A week after their first loss of the season at Tennessee, the Crimson Tide returned home and shutout the Houston Cougars 14–0 on homecoming in Tuscaloosa. Both Crimson Tide touchdowns were set up after Cougar turnovers gave them good field position. The first touchdown was set up after Lee Roy Jordan recovered a Charlie Rieves fumble at the Cougars' 31-yard line. Eight plays later Alabama led 7–0 after Laurien Stapp scored on a one-yard run. On the Houston drive that ensued, Billy Richardson intercepted a Don Sessions pass and returned it to the Cougars' 18-yard line. Four plays later Alabama scored what proved to be the final points of the game on a one-yard Richardson run.

| Team | 1 | 2 | 3 | 4 | Total |
|---|---|---|---|---|---|
| Houston | 0 | 0 | 0 | 0 | 0 |
| • Alabama | 14 | 0 | 0 | 0 | 14 |

===Mississippi State===

- Sources:

On homecoming in Starkville, Alabama scored their only touchdown in the first quarter and shutout the Mississippi State Maroons 7–0. The Crimson Tide scored the lone points of the game on their second offensive possession when Pat Trammell scored on an 18-yard touchdown run.

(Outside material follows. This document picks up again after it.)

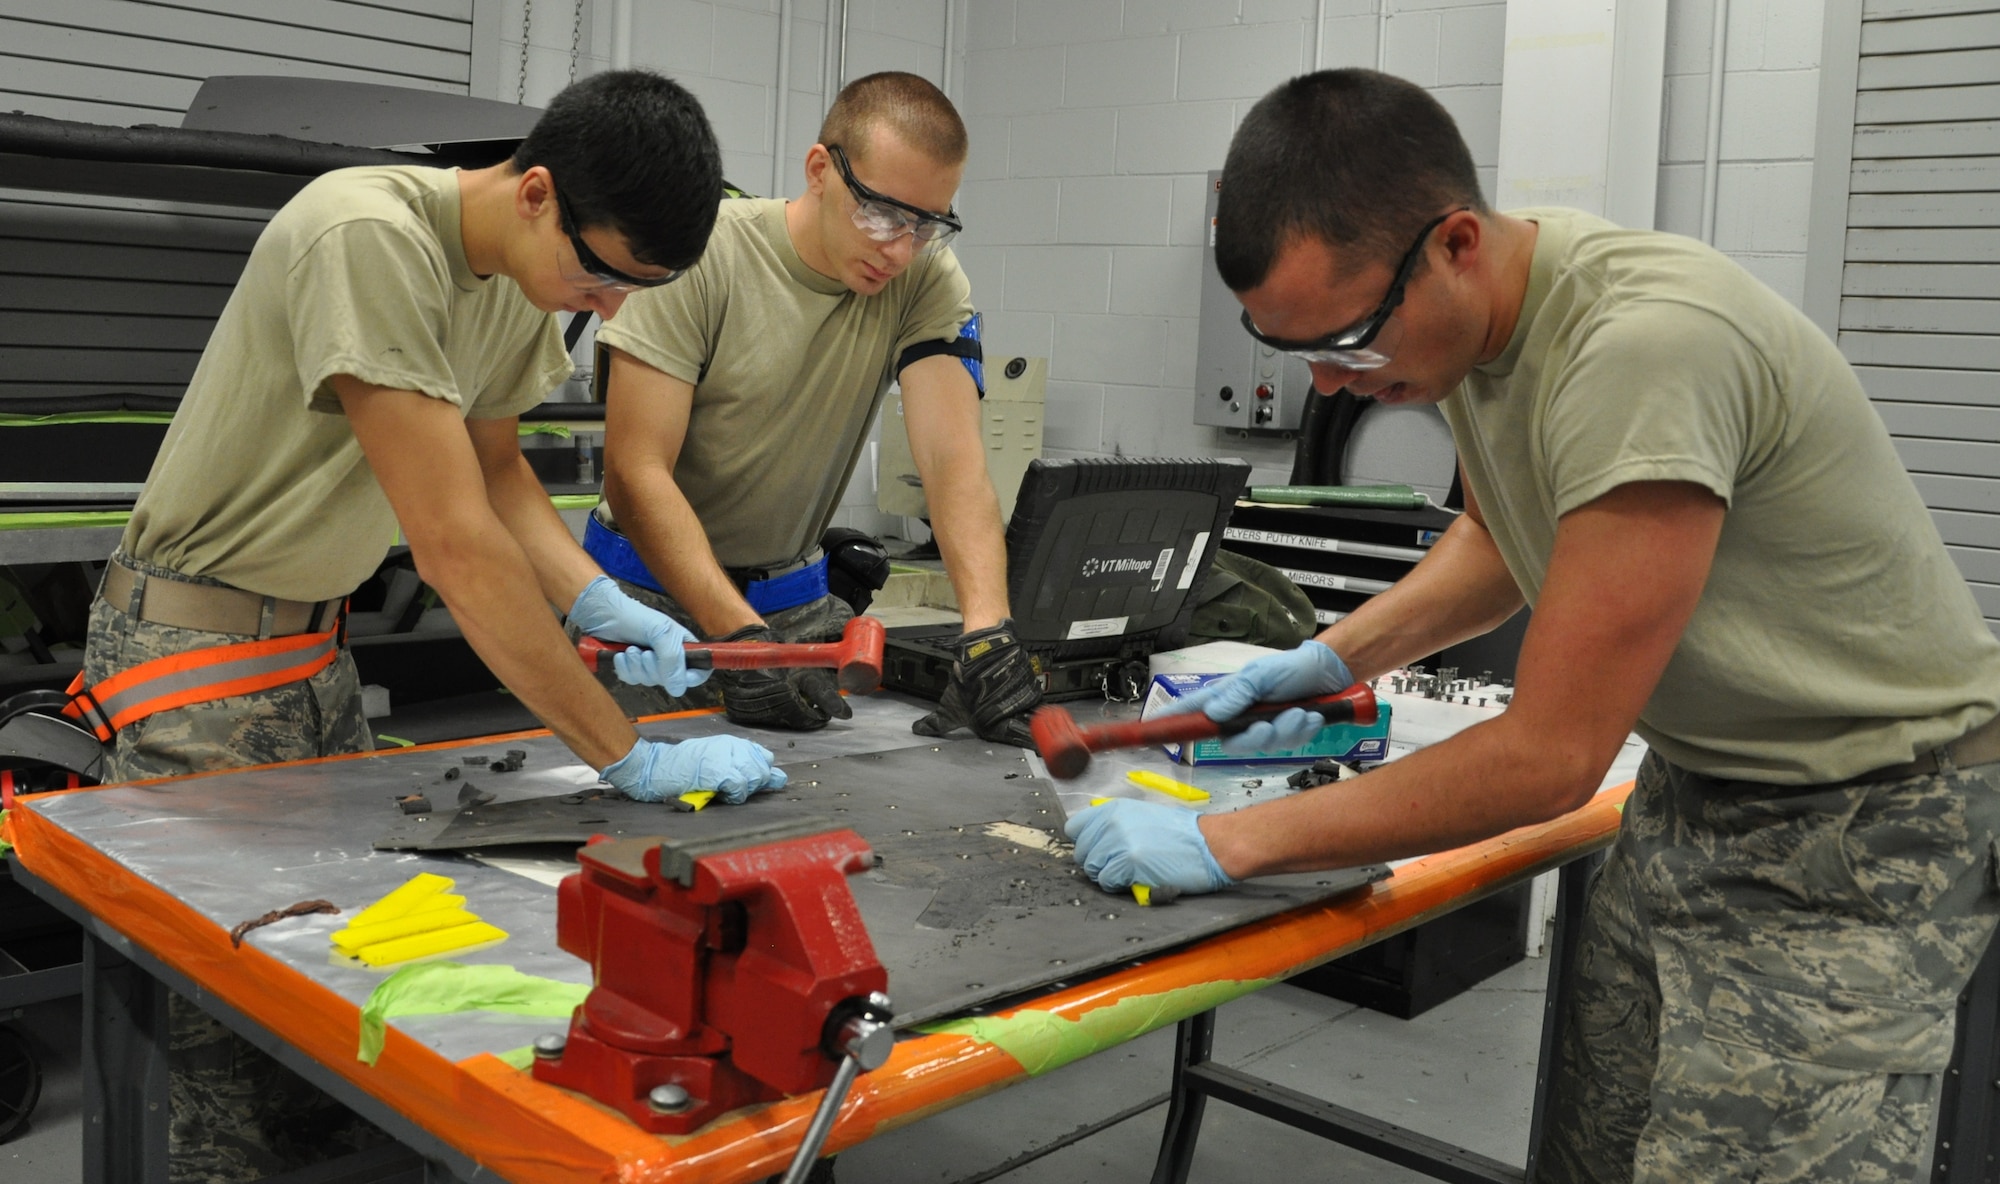 Senior Airman Zachary Kugler, 325th Maintenance Squadron Low Observable Journeyman, Airman 1st Class Keenan McCormack, 325th MXS Low Observable apprentice, and Airman 1st Class Samuel Schroeder 325th MXS Low Observable apprentice, chisel damaged coating off of a panel Aug. 1 in the LO shop at Tyndall Air Force Base. The 325th Maintenance Squadron Low Observable makes sure the F-22 Raptors at Tyndall maintain their stealth capabilities by restoring and maintaining the Low Observable coatings on the aircraft. (U.S. Air Force photo by Airman 1st Class Alex Echols)

| Team | 1 | 2 | 3 | 4 | Total |
|---|---|---|---|---|---|
| • Alabama | 7 | 0 | 0 | 0 | 7 |
| Mississippi State | 0 | 0 | 0 | 0 | 0 |

===Furman===

- Sources:

Against the Furman Paladins, Alabama scored their most points in a game since the 1953 Orange Bowl in this 51–0 victory at Denny Stadium. After Bobby Skelton threw and eight-yard touchdown pass to Butch Wilson in the first, he followed it with a three-yard touchdown pass to Richard O’Dell in the second quarter. Pat Trammell then made the halftime score 21–0 with his one-yard run late in the half. After a one-yard Cotton Clark touchdown run extended the Alabama lead to 29–0 in the third, the Crimson Tide scored 22 fourth quarter points to win 51–0. Fourth quarter points were scored on a blocked punt for a safety, and touchdowns on a 62-yard Walter Cureton touchdown run, a 52-yard Laurien Stapp pass to Jerry Spruiell and a five-yard Stapp run.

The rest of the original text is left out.